(Records from a data source)
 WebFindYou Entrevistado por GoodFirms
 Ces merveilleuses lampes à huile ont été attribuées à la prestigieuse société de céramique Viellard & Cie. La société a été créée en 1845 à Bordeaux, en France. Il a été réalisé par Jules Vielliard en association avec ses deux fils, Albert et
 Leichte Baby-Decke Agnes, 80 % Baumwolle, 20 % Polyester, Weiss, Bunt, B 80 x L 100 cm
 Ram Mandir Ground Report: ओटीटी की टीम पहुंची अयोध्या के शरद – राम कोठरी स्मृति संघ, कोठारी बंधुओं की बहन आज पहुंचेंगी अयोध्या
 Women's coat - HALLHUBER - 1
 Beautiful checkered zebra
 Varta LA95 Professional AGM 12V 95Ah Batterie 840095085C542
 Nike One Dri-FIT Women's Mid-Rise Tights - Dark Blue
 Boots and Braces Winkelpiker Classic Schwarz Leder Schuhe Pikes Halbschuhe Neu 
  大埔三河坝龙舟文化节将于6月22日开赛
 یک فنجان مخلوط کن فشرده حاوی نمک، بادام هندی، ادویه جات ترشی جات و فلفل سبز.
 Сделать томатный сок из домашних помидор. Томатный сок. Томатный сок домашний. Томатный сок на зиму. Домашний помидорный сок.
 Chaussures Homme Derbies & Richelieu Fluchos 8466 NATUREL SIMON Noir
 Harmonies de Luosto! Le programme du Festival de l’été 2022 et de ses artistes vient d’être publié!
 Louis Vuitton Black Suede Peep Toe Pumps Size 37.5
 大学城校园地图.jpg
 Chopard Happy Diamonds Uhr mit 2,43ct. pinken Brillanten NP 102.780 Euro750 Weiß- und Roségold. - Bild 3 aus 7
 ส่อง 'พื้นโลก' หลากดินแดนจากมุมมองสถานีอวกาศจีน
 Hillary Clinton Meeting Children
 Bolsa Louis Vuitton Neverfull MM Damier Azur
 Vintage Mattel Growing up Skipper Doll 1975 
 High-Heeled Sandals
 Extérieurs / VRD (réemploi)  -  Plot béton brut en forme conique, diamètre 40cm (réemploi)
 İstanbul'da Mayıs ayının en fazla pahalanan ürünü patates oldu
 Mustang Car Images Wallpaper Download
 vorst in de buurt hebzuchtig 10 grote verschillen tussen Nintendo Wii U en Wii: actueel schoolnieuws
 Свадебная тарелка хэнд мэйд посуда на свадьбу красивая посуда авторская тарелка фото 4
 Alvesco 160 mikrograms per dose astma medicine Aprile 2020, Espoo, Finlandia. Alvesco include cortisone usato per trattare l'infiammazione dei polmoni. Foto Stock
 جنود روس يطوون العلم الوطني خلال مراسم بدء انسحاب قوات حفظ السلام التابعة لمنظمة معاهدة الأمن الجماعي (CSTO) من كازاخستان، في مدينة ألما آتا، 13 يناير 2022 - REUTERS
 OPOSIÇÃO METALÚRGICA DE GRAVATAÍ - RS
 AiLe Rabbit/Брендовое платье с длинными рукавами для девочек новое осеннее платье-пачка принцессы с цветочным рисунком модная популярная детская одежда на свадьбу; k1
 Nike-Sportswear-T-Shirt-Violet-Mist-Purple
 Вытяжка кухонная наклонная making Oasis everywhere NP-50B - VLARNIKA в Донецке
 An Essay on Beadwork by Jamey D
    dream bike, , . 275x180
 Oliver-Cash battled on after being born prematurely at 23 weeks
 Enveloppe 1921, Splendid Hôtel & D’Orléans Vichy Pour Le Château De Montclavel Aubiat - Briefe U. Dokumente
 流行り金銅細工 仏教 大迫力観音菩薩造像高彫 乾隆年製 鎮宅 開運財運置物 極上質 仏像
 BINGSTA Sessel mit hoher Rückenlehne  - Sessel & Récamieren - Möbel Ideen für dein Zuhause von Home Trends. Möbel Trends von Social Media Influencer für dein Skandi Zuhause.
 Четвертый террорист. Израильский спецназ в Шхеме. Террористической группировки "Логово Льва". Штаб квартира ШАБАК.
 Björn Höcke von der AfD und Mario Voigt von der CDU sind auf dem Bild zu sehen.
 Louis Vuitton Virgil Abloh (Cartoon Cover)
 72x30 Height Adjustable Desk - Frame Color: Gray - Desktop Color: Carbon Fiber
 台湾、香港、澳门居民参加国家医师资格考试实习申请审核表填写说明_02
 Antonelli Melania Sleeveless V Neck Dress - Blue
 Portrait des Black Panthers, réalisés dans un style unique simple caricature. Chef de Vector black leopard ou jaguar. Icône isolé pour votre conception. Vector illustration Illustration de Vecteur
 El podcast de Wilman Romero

> Task
Keep every word intact and transcribe the records in full.

> Expected answer
 WebFindYou Entrevistado por GoodFirms
 Ces merveilleuses lampes à huile ont été attribuées à la prestigieuse société de céramique Viellard & Cie. La société a été créée en 1845 à Bordeaux, en France. Il a été réalisé par Jules Vielliard en association avec ses deux fils, Albert et
 Leichte Baby-Decke Agnes, 80 % Baumwolle, 20 % Polyester, Weiss, Bunt, B 80 x L 100 cm
 Ram Mandir Ground Report: ओटीटी की टीम पहुंची अयोध्या के शरद – राम कोठरी स्मृति संघ, कोठारी बंधुओं की बहन आज पहुंचेंगी अयोध्या
 Women's coat - HALLHUBER - 1
 Beautiful checkered zebra
 Varta LA95 Professional AGM 12V 95Ah Batterie 840095085C542
 Nike One Dri-FIT Women's Mid-Rise Tights - Dark Blue
 Boots and Braces Winkelpiker Classic Schwarz Leder Schuhe Pikes Halbschuhe Neu 
  大埔三河坝龙舟文化节将于6月22日开赛
 یک فنجان مخلوط کن فشرده حاوی نمک، بادام هندی، ادویه جات ترشی جات و فلفل سبز.
 Сделать томатный сок из домашних помидор. Томатный сок. Томатный сок домашний. Томатный сок на зиму. Домашний помидорный сок.
 Chaussures Homme Derbies & Richelieu Fluchos 8466 NATUREL SIMON Noir
 Harmonies de Luosto! Le programme du Festival de l’été 2022 et de ses artistes vient d’être publié!
 Louis Vuitton Black Suede Peep Toe Pumps Size 37.5
 大学城校园地图.jpg
 Chopard Happy Diamonds Uhr mit 2,43ct. pinken Brillanten NP 102.780 Euro750 Weiß- und Roségold. - Bild 3 aus 7
 ส่อง 'พื้นโลก' หลากดินแดนจากมุมมองสถานีอวกาศจีน
 Hillary Clinton Meeting Children
 Bolsa Louis Vuitton Neverfull MM Damier Azur
 Vintage Mattel Growing up Skipper Doll 1975 
 High-Heeled Sandals
 Extérieurs / VRD (réemploi)  -  Plot béton brut en forme conique, diamètre 40cm (réemploi)
 İstanbul'da Mayıs ayının en fazla pahalanan ürünü patates oldu
 Mustang Car Images Wallpaper Download
 vorst in de buurt hebzuchtig 10 grote verschillen tussen Nintendo Wii U en Wii: actueel schoolnieuws
 Свадебная тарелка хэнд мэйд посуда на свадьбу красивая посуда авторская тарелка фото 4
 Alvesco 160 mikrograms per dose astma medicine Aprile 2020, Espoo, Finlandia. Alvesco include cortisone usato per trattare l'infiammazione dei polmoni. Foto Stock
 جنود روس يطوون العلم الوطني خلال مراسم بدء انسحاب قوات حفظ السلام التابعة لمنظمة معاهدة الأمن الجماعي (CSTO) من كازاخستان، في مدينة ألما آتا، 13 يناير 2022 - REUTERS
 OPOSIÇÃO METALÚRGICA DE GRAVATAÍ - RS
 AiLe Rabbit/Брендовое платье с длинными рукавами для девочек новое осеннее платье-пачка принцессы с цветочным рисунком модная популярная детская одежда на свадьбу; k1
 Nike-Sportswear-T-Shirt-Violet-Mist-Purple
 Вытяжка кухонная наклонная making Oasis everywhere NP-50B - VLARNIKA в Донецке
 An Essay on Beadwork by Jamey D
    dream bike, , . 275x180
 Oliver-Cash battled on after being born prematurely at 23 weeks
 Enveloppe 1921, Splendid Hôtel & D’Orléans Vichy Pour Le Château De Montclavel Aubiat - Briefe U. Dokumente
 流行り金銅細工 仏教 大迫力観音菩薩造像高彫 乾隆年製 鎮宅 開運財運置物 極上質 仏像
 BINGSTA Sessel mit hoher Rückenlehne  - Sessel & Récamieren - Möbel Ideen für dein Zuhause von Home Trends. Möbel Trends von Social Media Influencer für dein Skandi Zuhause.
 Четвертый террорист. Израильский спецназ в Шхеме. Террористической группировки "Логово Льва". Штаб квартира ШАБАК.
 Björn Höcke von der AfD und Mario Voigt von der CDU sind auf dem Bild zu sehen.
 Louis Vuitton Virgil Abloh (Cartoon Cover)
 72x30 Height Adjustable Desk - Frame Color: Gray - Desktop Color: Carbon Fiber
 台湾、香港、澳门居民参加国家医师资格考试实习申请审核表填写说明_02
 Antonelli Melania Sleeveless V Neck Dress - Blue
 Portrait des Black Panthers, réalisés dans un style unique simple caricature. Chef de Vector black leopard ou jaguar. Icône isolé pour votre conception. Vector illustration Illustration de Vecteur
 El podcast de Wilman Romero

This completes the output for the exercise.